At the same time, while these issues present ongoing and creative challenges, we also are seeing specific developments in specific areas that may impact this issue on a broader scale going forward. Two areas that will move forward in 2016 are of particular interest—the 21st Century Cures legislation that has passed the U.S. House of Representatives and is slowly moving forward in the Senate, and the proposed (and substantial) revisions to the Common Rule governing much of the “research” that is conducted in the United States. Both of these proposals present substantial challenges and can encourage or impede innovation and opportunity depending on how they are resolved. The core challenge—for these specific issues and for the big data debate generally—is to develop appropriate privacy protections while still permitting and encouraging appropriate and beneficial opportunities from this data.

21st Century Cures

The 21st Century Cures legislation is designed to improve “innovation” in the health care industry in the United States. The massive bill covers a broad range of changes to the drug development regulatory structure and the oversight activities of the Food and Drug Administration, along with a variety of important modifications to the health care regulatory structure designed in general to stimulate health care innovation. A small piece of the legislation addresses privacy issues under the Health Insurance Portability and Accountability Act (HIPAA) privacy regulations. These privacy revisions likely are not necessary for many of the bill’s larger provisions to succeed, and, as currently written, create potentially significant privacy issues without providing substantial additional benefits.

While some of the bill’s HIPAA-related provisions are useful without creating significant privacy concerns (expanding certain authorization provisions and permitting off-site access to data to develop research proposals in certain situations), there are two provisions that have not received significant attention and that can lead to material privacy risks.

First, the legislation looks at revising how data can be disclosed in general for research purposes under the “health care operations” provisions of the HIPAA Privacy Rule.

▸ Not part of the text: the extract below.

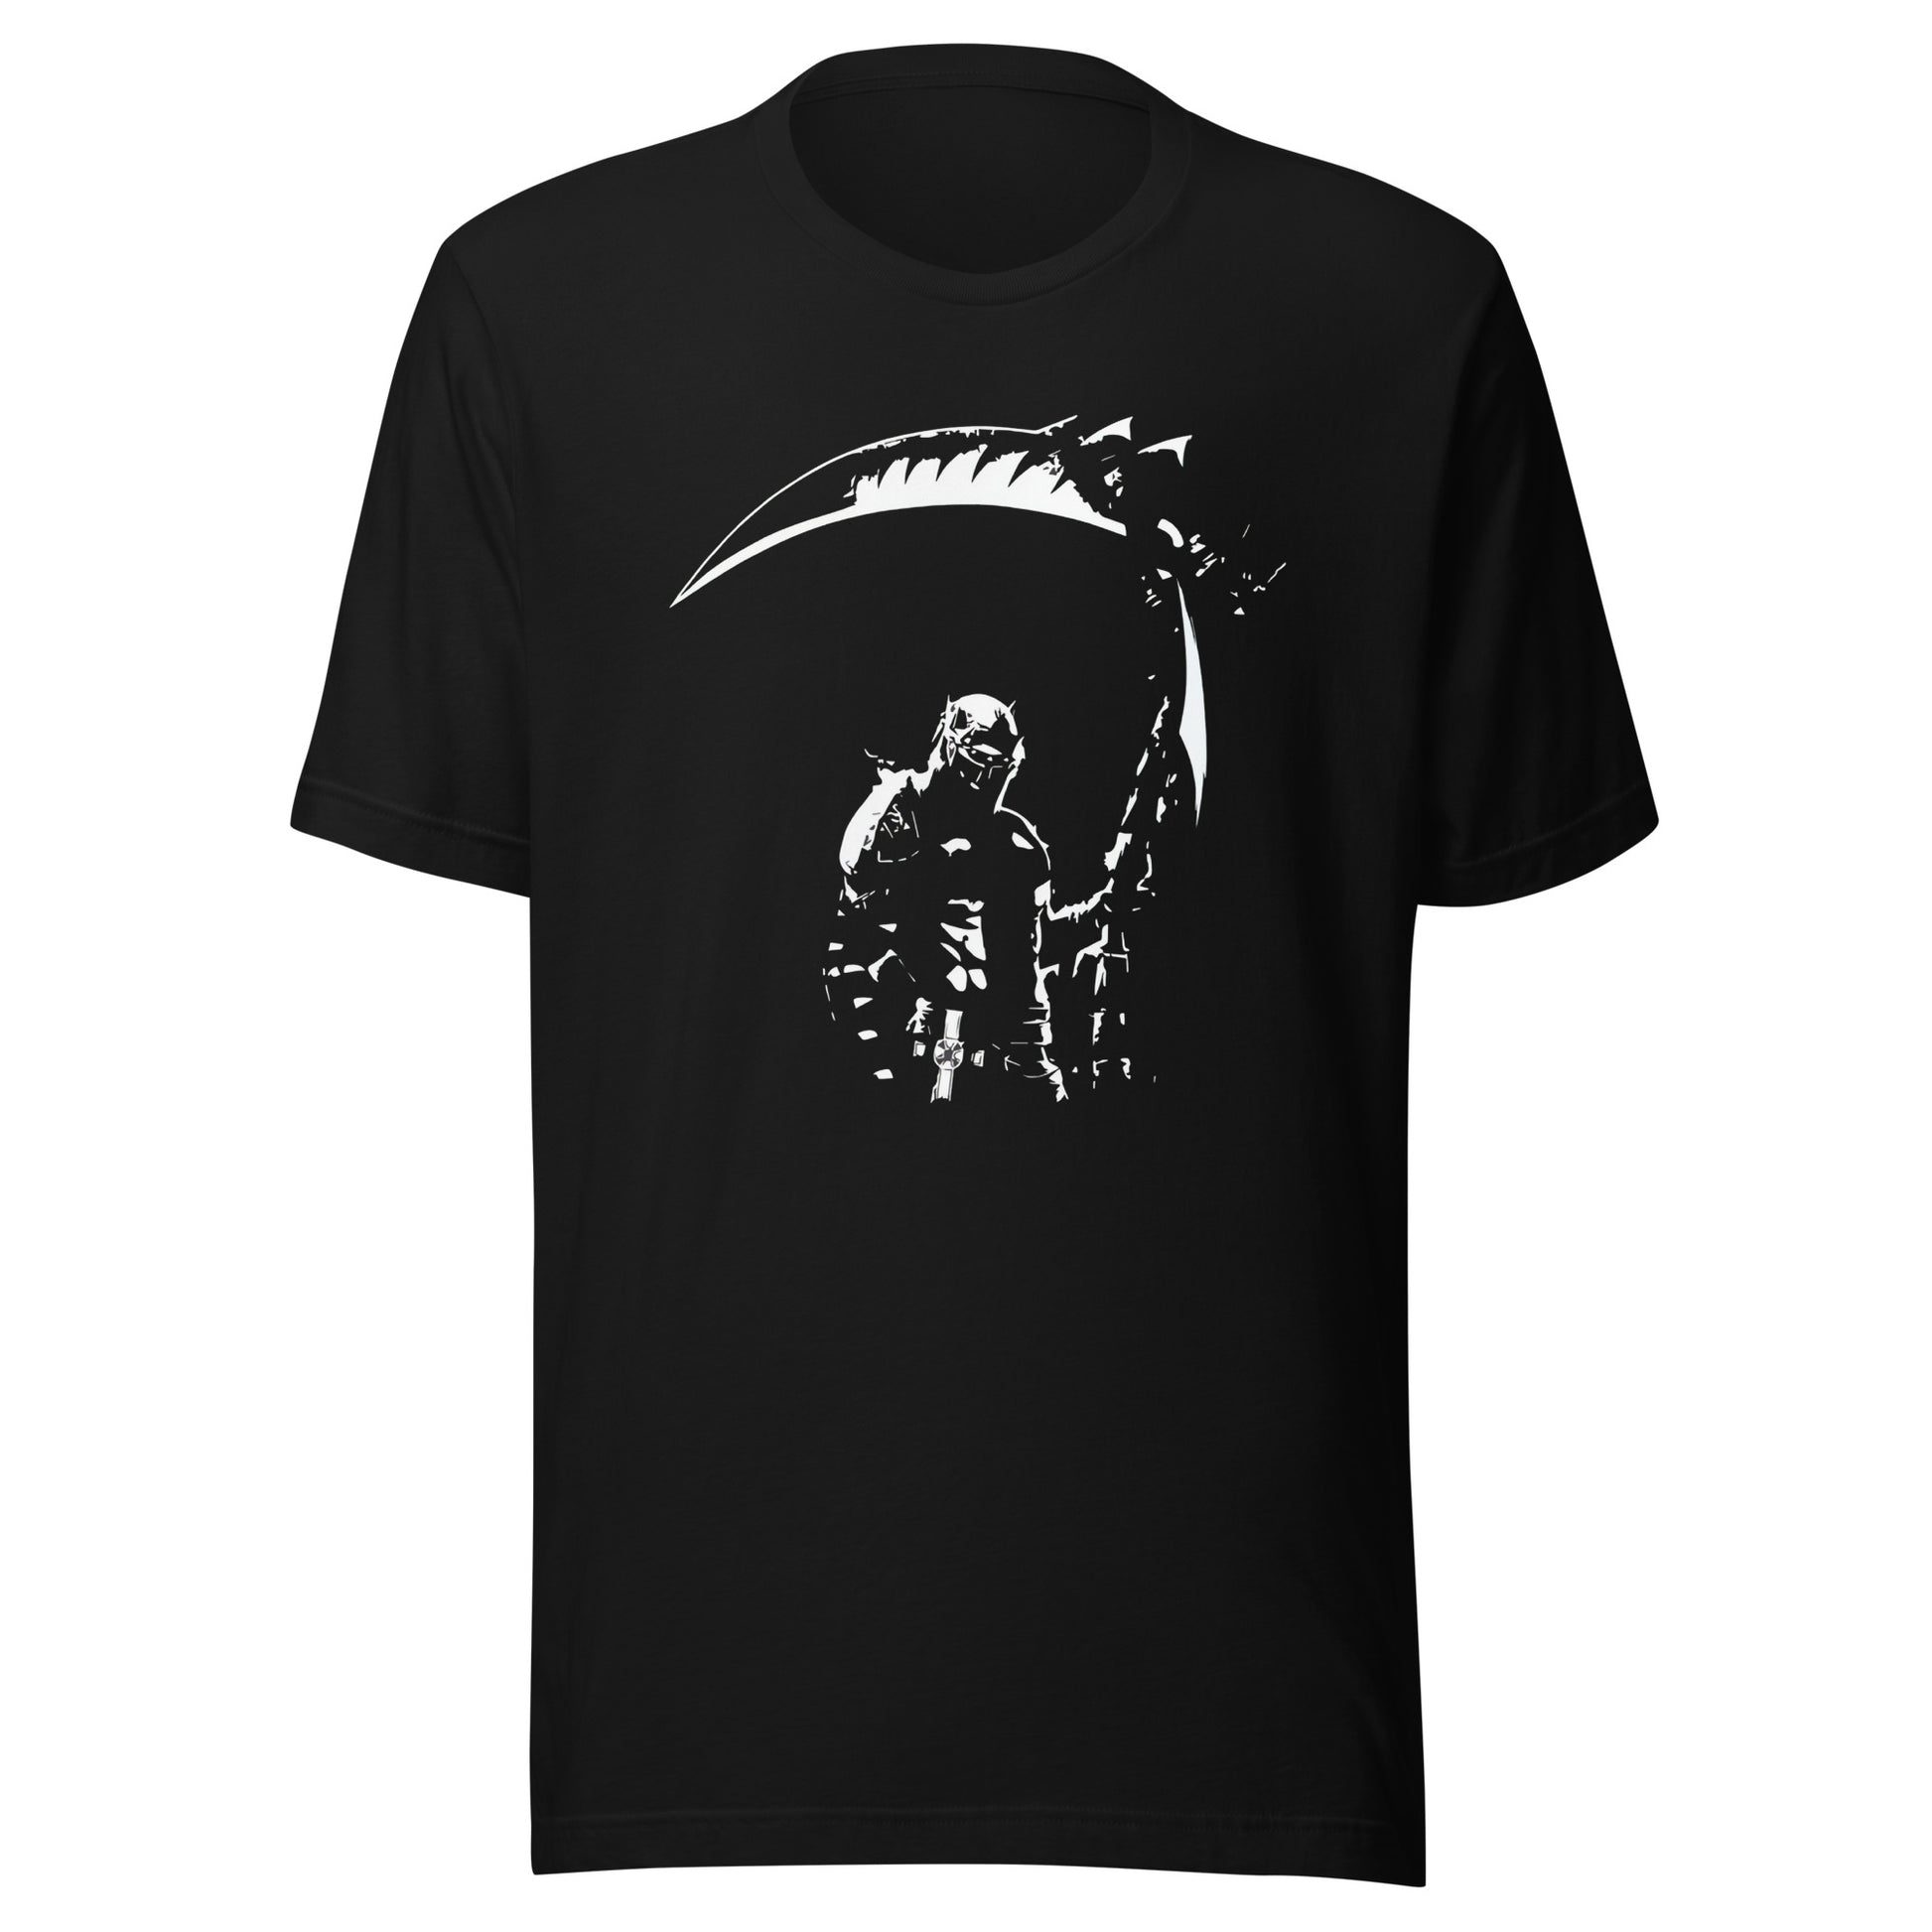 ¡Compra el mejor merchandising en Superstar! Encuentra diseños únicos y de alta calidad en camisetas únicas, Camiseta Dante's Inferno

The current HIPAA rules appear to distinguish between permitted data analysis for internal purposes, and disclosure of research results from this data analysis. By restricting use and disclosure of protected health information (PHI) when a covered entity is “[c]onducting quality assessment and improvement activities, including outcomes evaluation and development of clinical guidelines” if the “primary purpose” of the activity is “generalizable knowledge,” the current rules—without any real explanation—seem to impede communication of research results. In practice, covered entities have been conservative in their view of this language, even though the rule may give more flexibility than current activities seem to indicate (for example, if internal data analysis leads to results that may be worth publishing, this publication likely was not the “primary purpose” of the initial data analysis).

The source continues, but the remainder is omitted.